[PYTHON] How to use JDBC driver with Redash

Redash supports many data sources by default. Furthermore, even if some data sources are not supported, you can add new data sources by writing query_runner in Python. You can write query_runner straightforwardly if you have a Python library to connect to the target data source, but some DBs may only provide JDBC drivers. Since the JDBC driver can only be called from the JVM language, it cannot be directly incorporated into redash's query_runner. So I devised a way to incorporate the JDBC driver into redash, and this article will show you how to do it.

Library to use

This time it is a library for calling JDBC driver from Python. Use JayDeBeApi. https://github.com/baztian/jaydebeapi

This library uses JPype under the CPython environment to bridge between Python and Java. https://github.com/jpype-project/jpype

There is Py4J in the library for calling Java from Python, and there is an introductory article on Qiita, but in comparison, JPype seems to be lighter because it does not need to start a Java process.

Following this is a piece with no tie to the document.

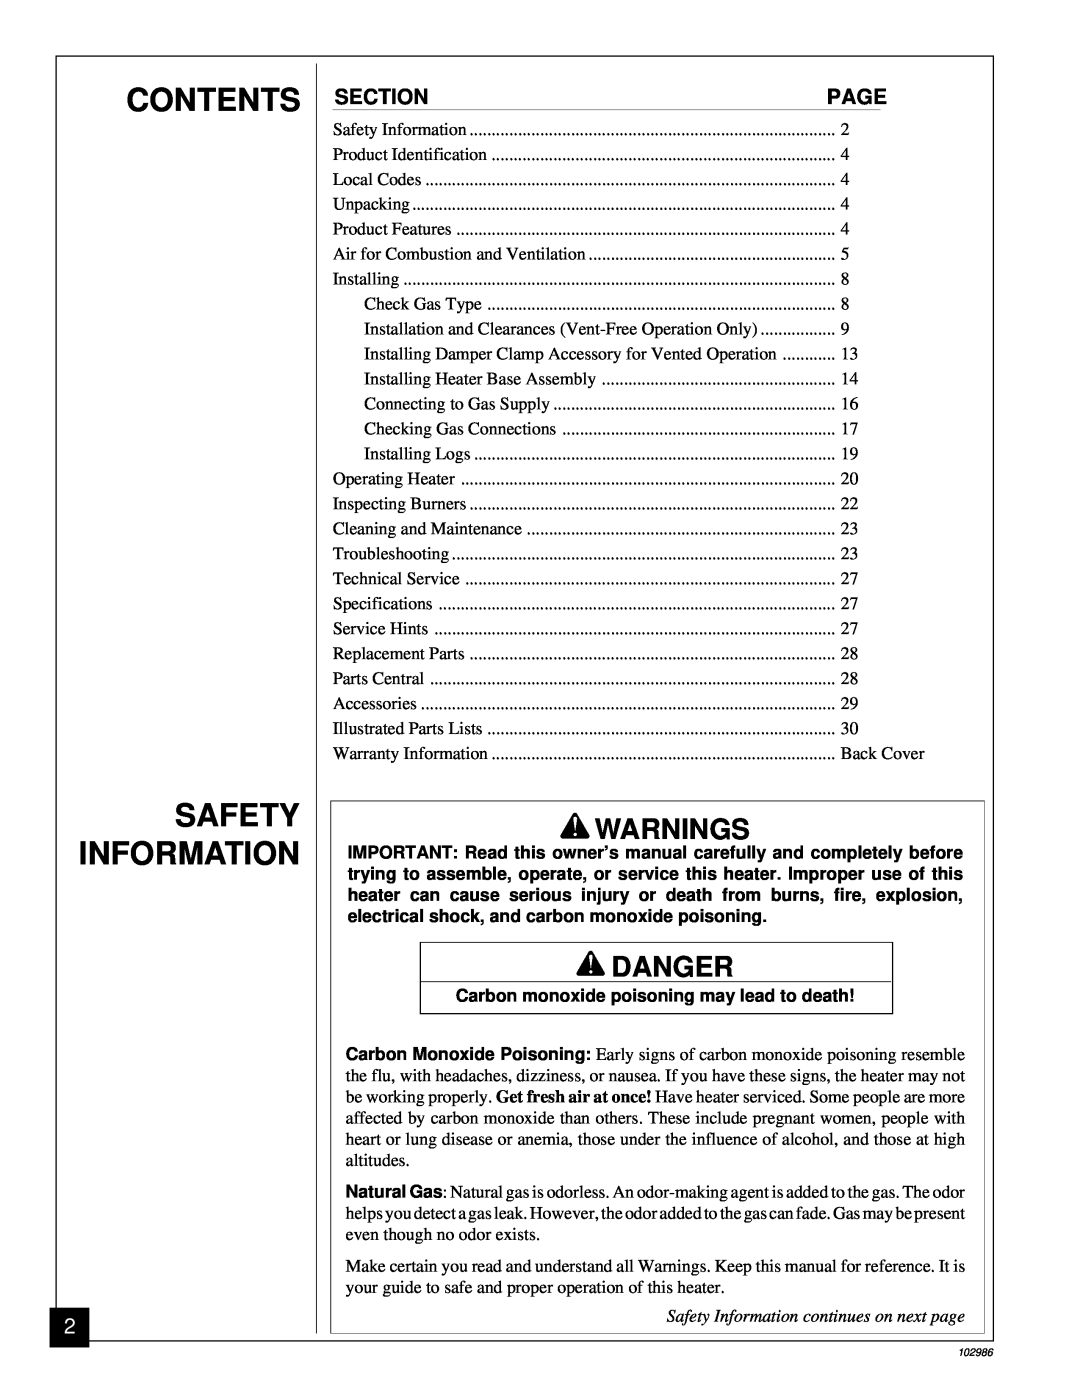 Desa Tech CGD3930N, CGD3018N Contents Safety Information, Warnings, Danger, Carbon monoxide poisoning may lead to death

https://www.py4j.org/ https://qiita.com/riverwell/items/e90cbbfdac439e6e9d30

Incorporate JDBC driver into redash

This time we will embed the JDBC driver in redash v5.0.2. The JDBC driver to be included is from MySQL, and you can download it from the following URL. https://dev.mysql.com/downloads/connector/j/5.1.html

Since redash supports MySQL as standard, there is no need to forcibly incorporate the JDBC driver, but since it is a widely popular DB, it is used for explanation.

jdbc.py Next, write query_runner. How to write query_runner is well organized in the following articles. https://discuss.redash.io/t/creating-a-new-query-runner-data-source-in-redash/347

I created the following query_runner by referring to the above article.

import json
import logging
import os
import jaydebeapi

from redash.query_runner import *
from redash.settings import parse_boolean
from redash.utils import JSONEncoder

logger = logging.getLogger(__name__)
types_map = {
    jaydebeapi.STRING: TYPE_STRING,
    jaydebeapi.TEXT: TYPE_STRING,
    jaydebeapi.NUMBER: TYPE_INTEGER,
    jaydebeapi.FLOAT: TYPE_FLOAT,
    jaydebeapi.DECIMAL: TYPE_FLOAT,
    jaydebeapi.DATE: TYPE_DATE,
    jaydebeapi.DATETIME: TYPE_DATETIME,
    jaydebeapi.ROWID: TYPE_STRING,
}

class Jdbc(BaseSQLQueryRunner):
    noop_query = "SELECT 1"

    @classmethod
    def configuration_schema(cls):
        schema = {
            'type': 'object',
            'properties': {
                'host': {
                    'type': 'string',
                },
                'port': {
                    'type': 'number',
                    'default': 3306,
                },
                'user': {
                    'type': 'string'
                },
                'password': {
                    'type': 'string',
                },
                'database': {
                    'type': 'string',
                },
            },
            "order": ['host', 'port', 'user', 'password', 'database'],
            'required': ['host', 'port', 'user', 'database'],
            'secret': ['password']
        }

        return schema

    @classmethod
    def name(cls):
        return "jdbc"

    @classmethod
    def enabled(cls):
        try:
            import jaydebeapi
        except ImportError:
            return False

        return True

    def _get_tables(self, schema):
        query = """
        SELECT col.table_schema,
               col.table_name,
               col.column_name
        FROM `information_schema`.`columns` col
        WHERE col.table_schema NOT IN ('information_schema', 'performance_schema', 'mysql');
        """

        results, error = self.run_query(query, None)
        if error is not None:
            raise Exception("Failed getting schema.")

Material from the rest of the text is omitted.